Take nothing but the lines from the one with "October 2021 Blank" through the one with "مساء الورد Good" in the entries below, both ends kept, and return them exactly with pictures left out.
[Supplied material — start]
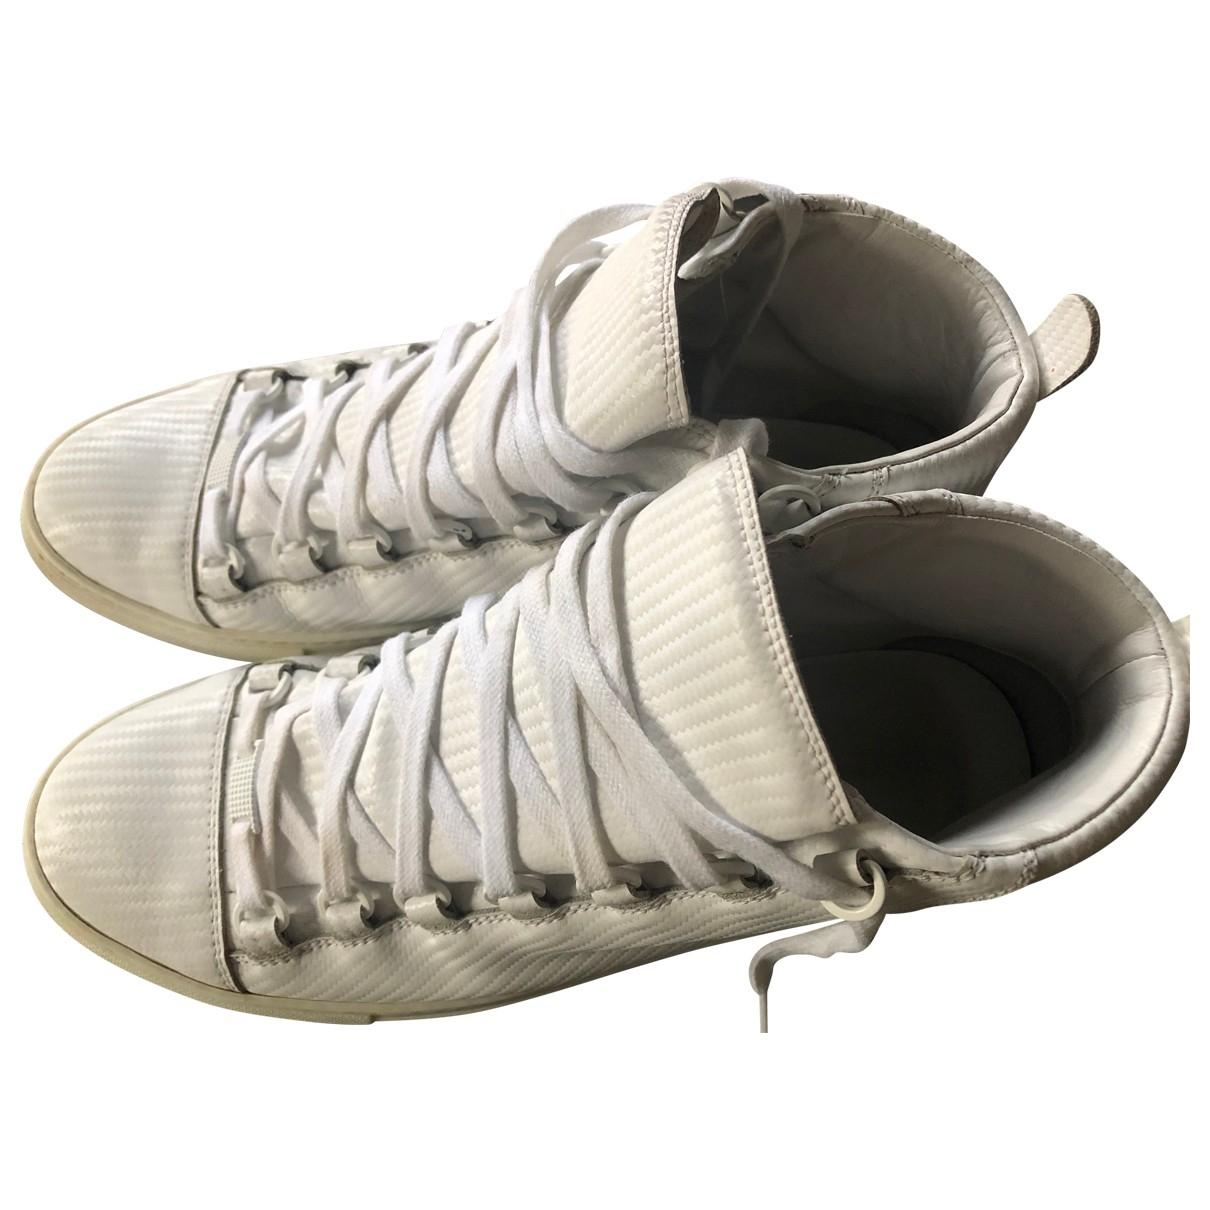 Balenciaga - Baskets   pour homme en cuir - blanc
[Supplied material — finish]
[Supplied material — start]
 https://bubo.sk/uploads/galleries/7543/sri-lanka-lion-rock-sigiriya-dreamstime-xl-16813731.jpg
[Supplied material — finish]
[Supplied material — start]
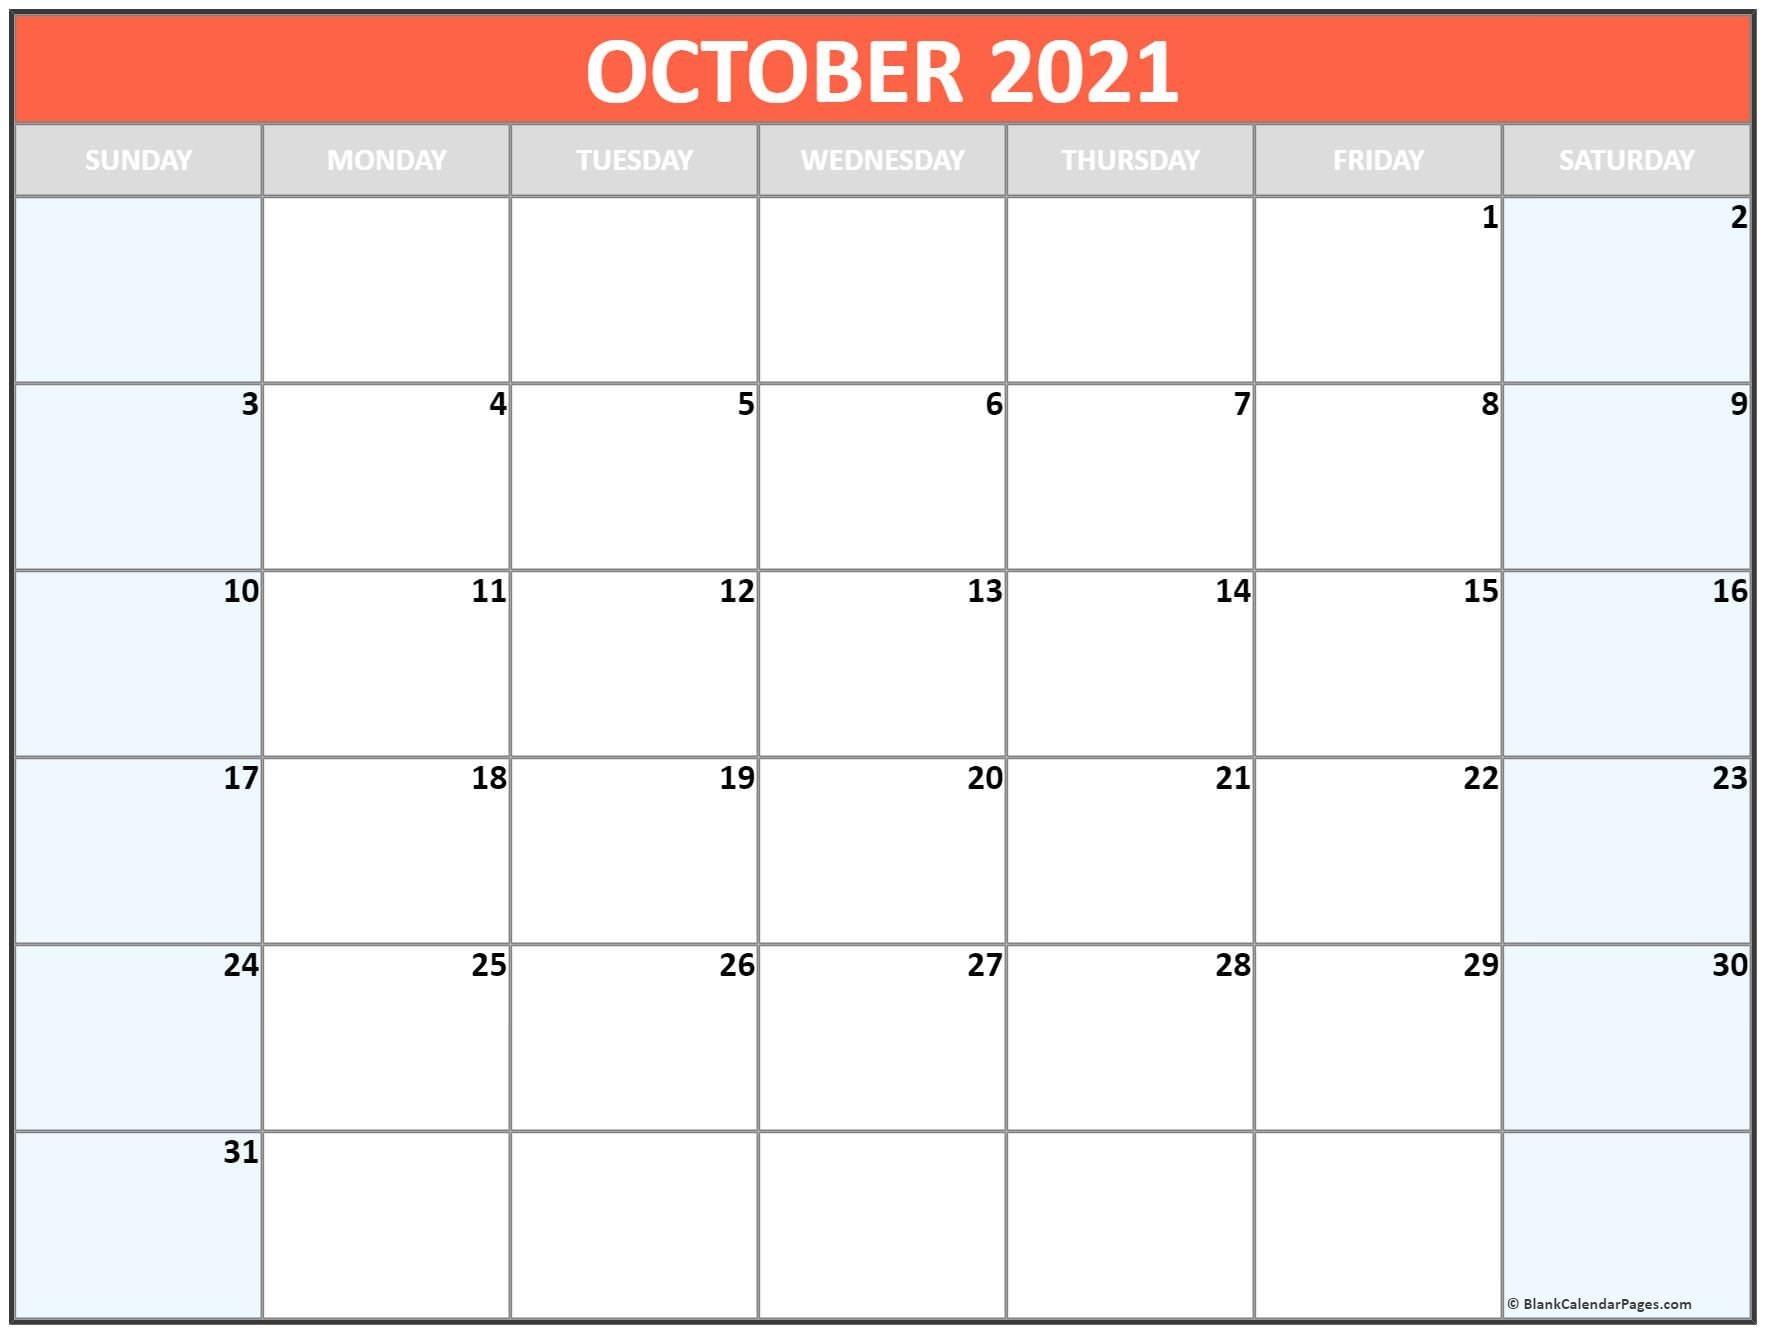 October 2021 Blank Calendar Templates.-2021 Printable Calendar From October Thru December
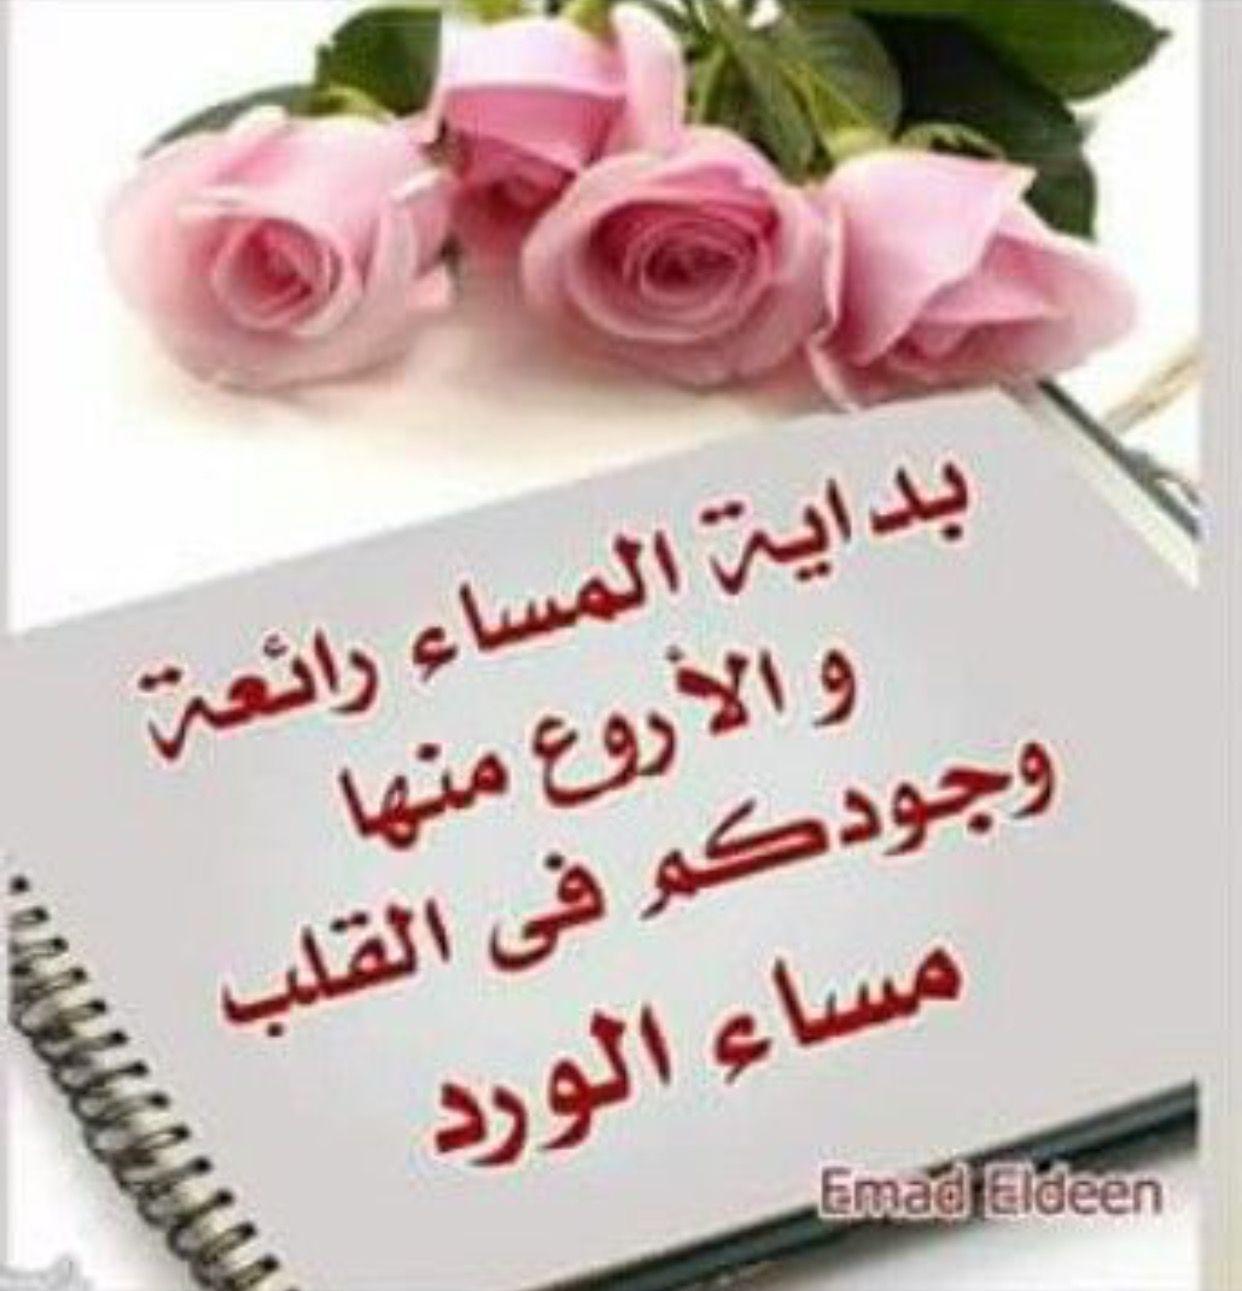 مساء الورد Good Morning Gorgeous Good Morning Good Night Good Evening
[Supplied material — finish]
Problem solution
 October 2021 Blank Calendar Templates.-2021 Printable Calendar From October Thru December
 مساء الورد Good Morning Gorgeous Good Morning Good Night Good Evening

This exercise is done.